THE TASK: Transcribe all the entries word for word, skipping the pictures.

START RECORDS PROVIDED

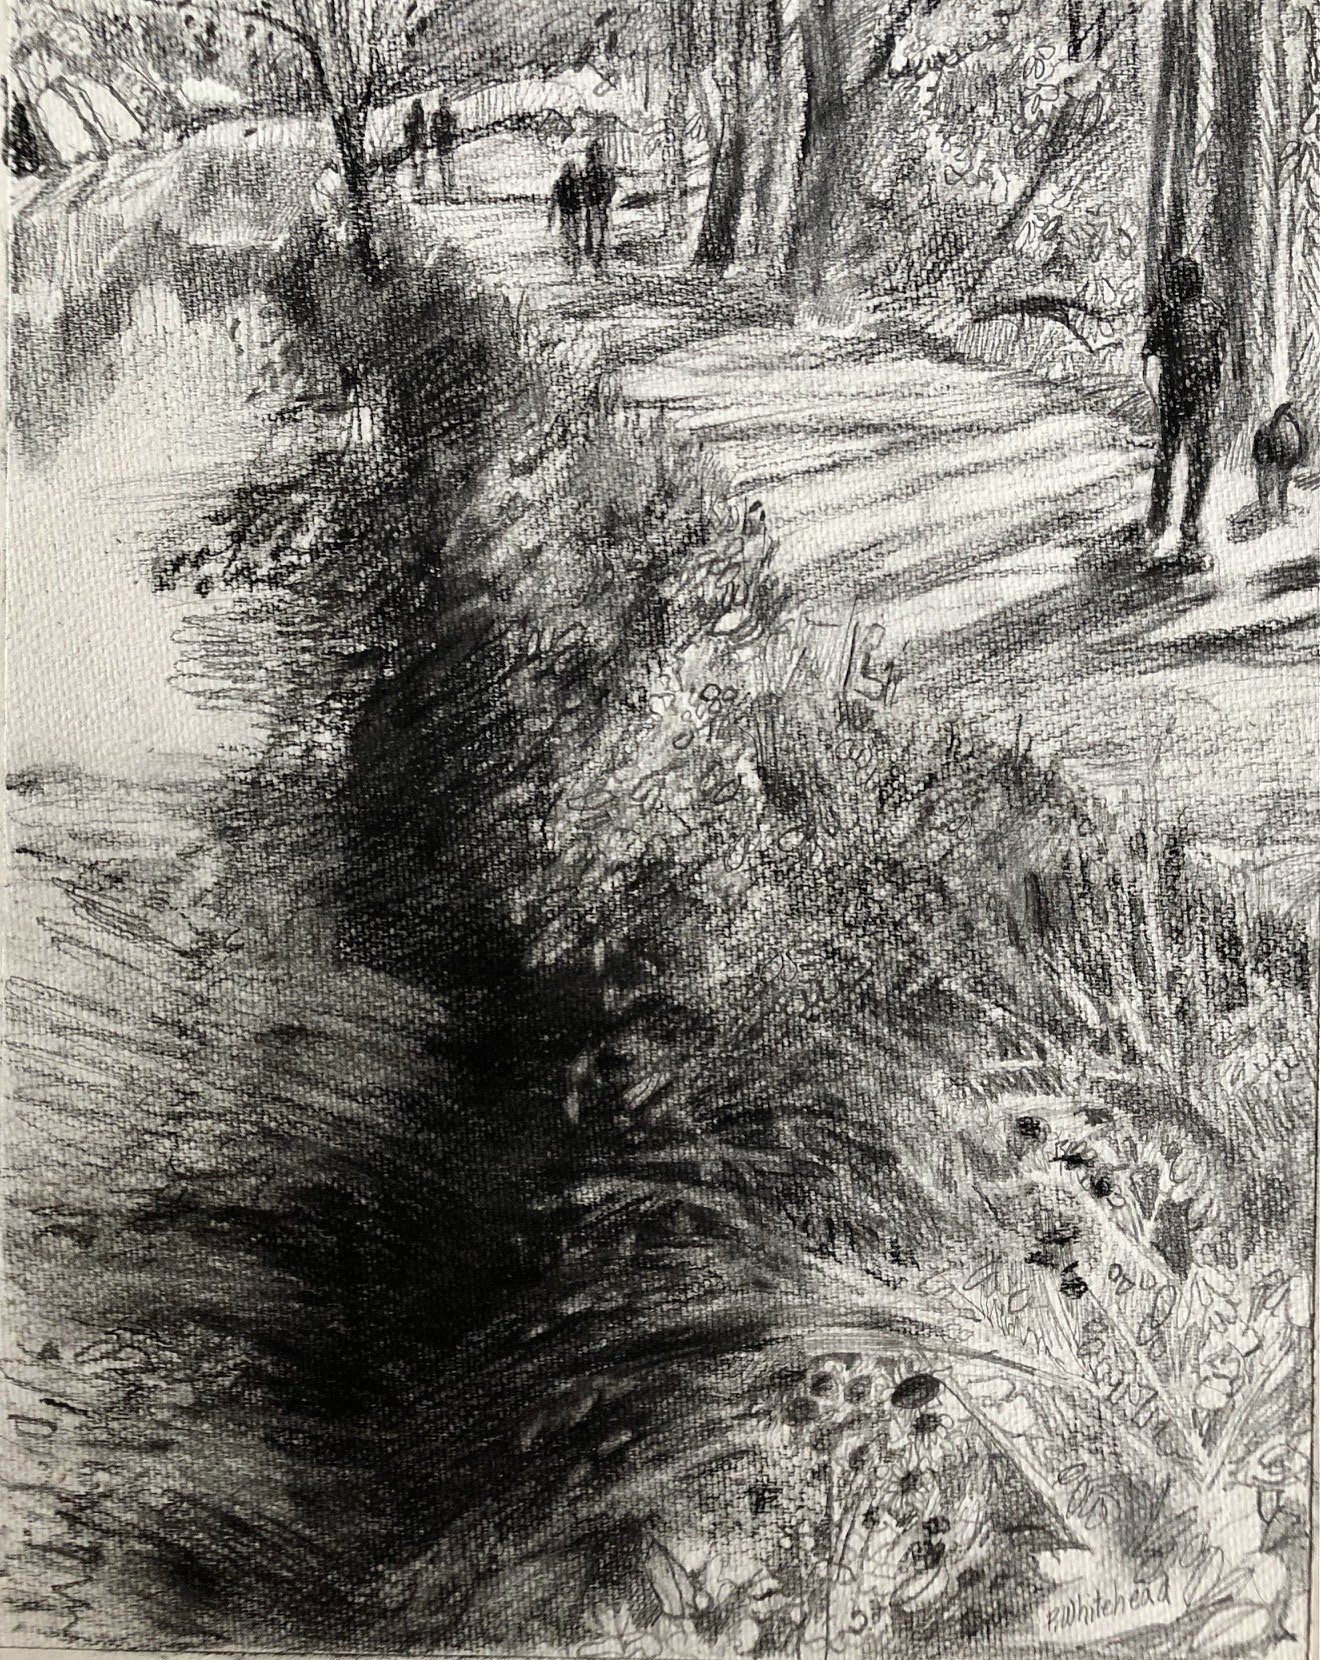 Towpath on the C&O - Amble, 11 x 14", graphite, charcoal, conte
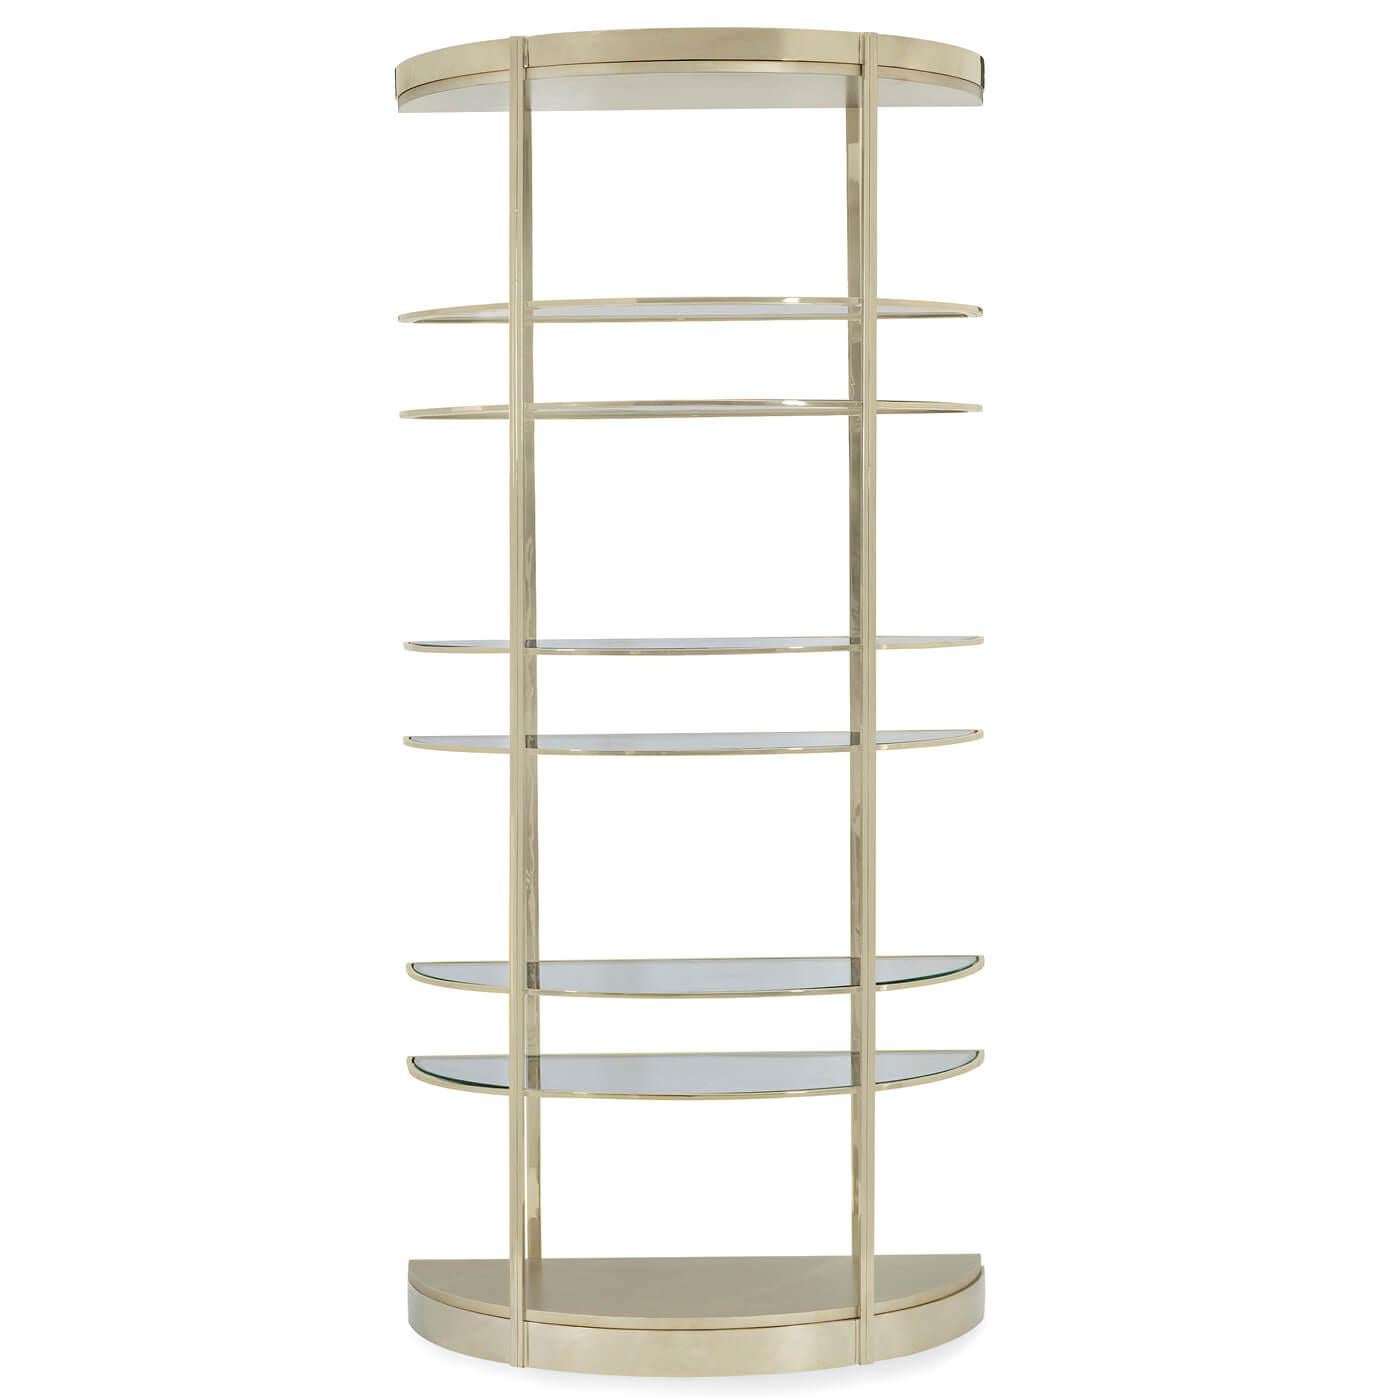 A contemporary-style half-moon etagere with a light and airy design. The tall frame has been given a high polished gold finish and surrounds each of the six semi-circular glass shelves. 

Dimensions
39
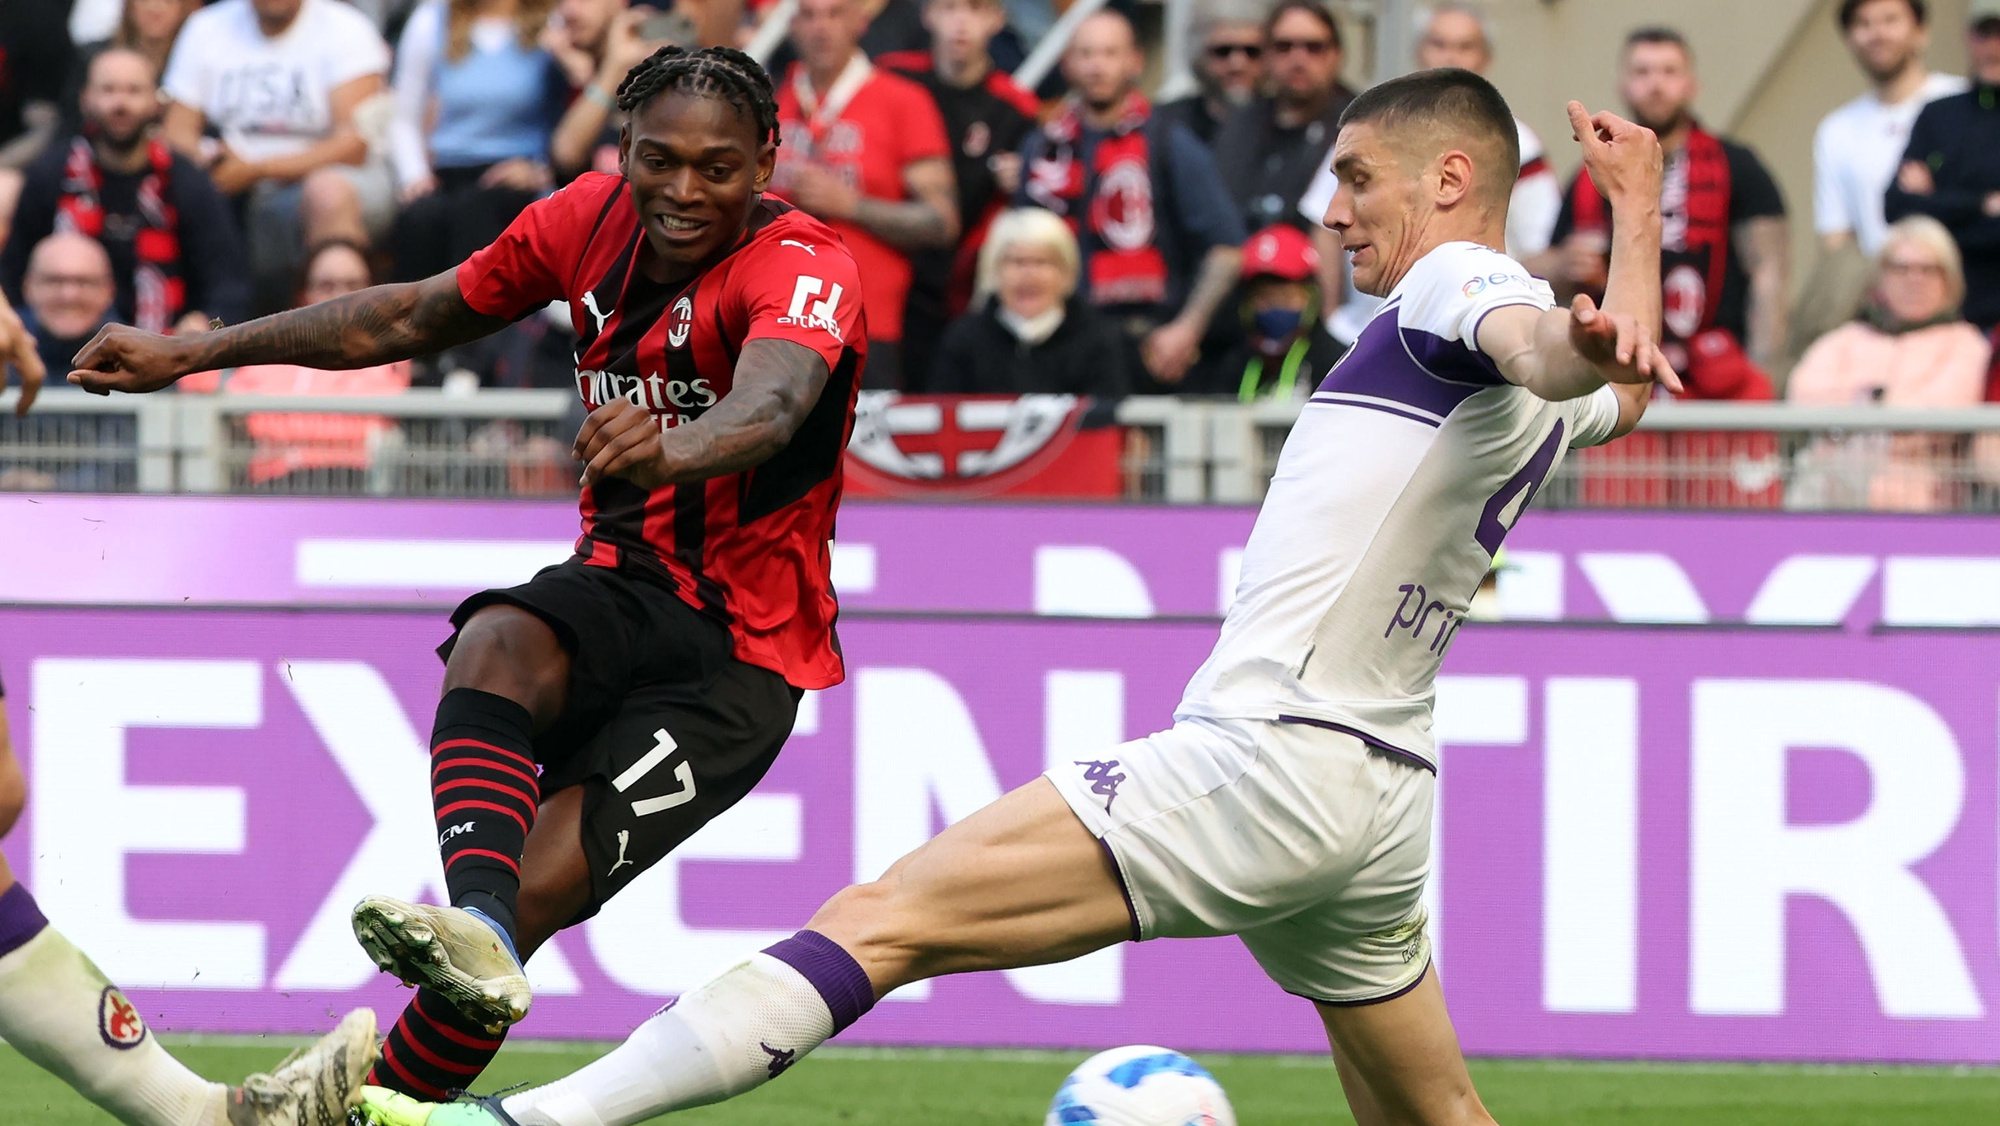 epa09920673 AC Milanâ€™s Rafael Leao (L) scores the 1-0 goal during the Italian Serie A soccer match between AC Milan and Fiorentina at Giuseppe Meazza stadium in Milan, Italy, 01 May 2022.  EPA/MATTEO BAZZI
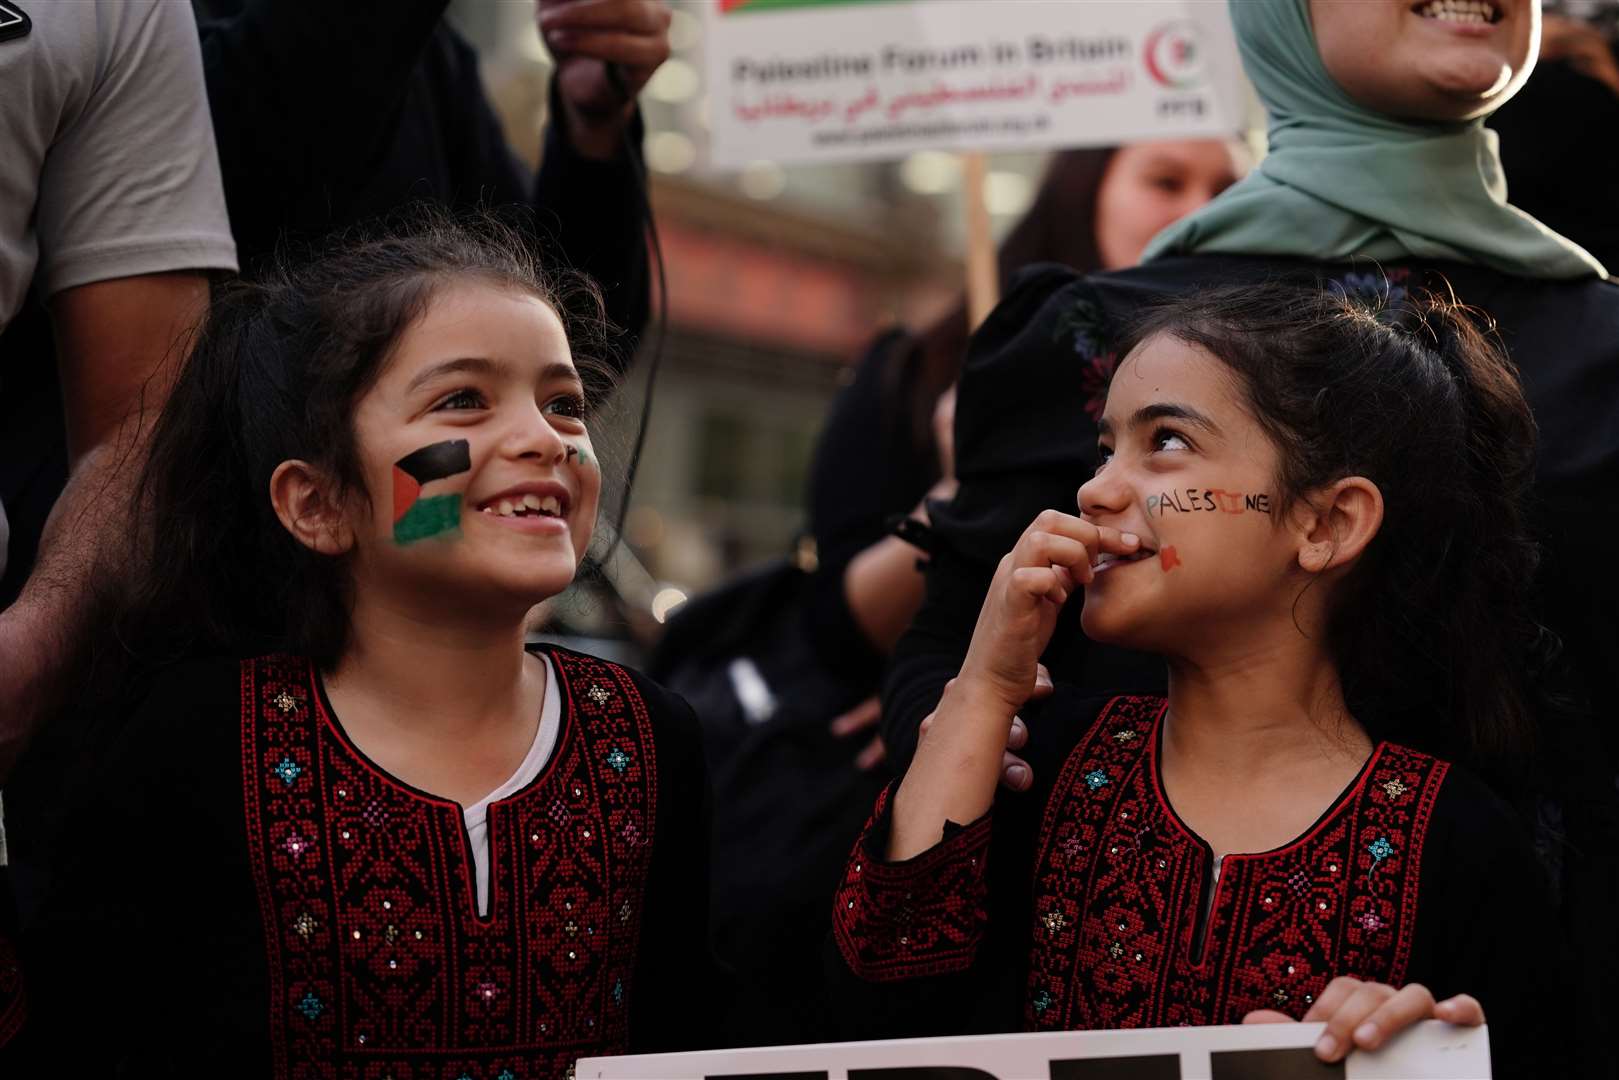 People take part in a Palestine Solidarity Campaign demonstration near the Israeli Embassy, in London (PA)

END RECORDS PROVIDED

TASK SOLUTION:
 Towpath on the C&O - Amble, 11 x 14", graphite, charcoal, conte
 A contemporary-style half-moon etagere with a light and airy design. The tall frame has been given a high polished gold finish and surrounds each of the six semi-circular glass shelves. 

Dimensions
39
 epa09920673 AC Milanâ€™s Rafael Leao (L) scores the 1-0 goal during the Italian Serie A soccer match between AC Milan and Fiorentina at Giuseppe Meazza stadium in Milan, Italy, 01 May 2022.  EPA/MATTEO BAZZI
 People take part in a Palestine Solidarity Campaign demonstration near the Israeli Embassy, in London (PA)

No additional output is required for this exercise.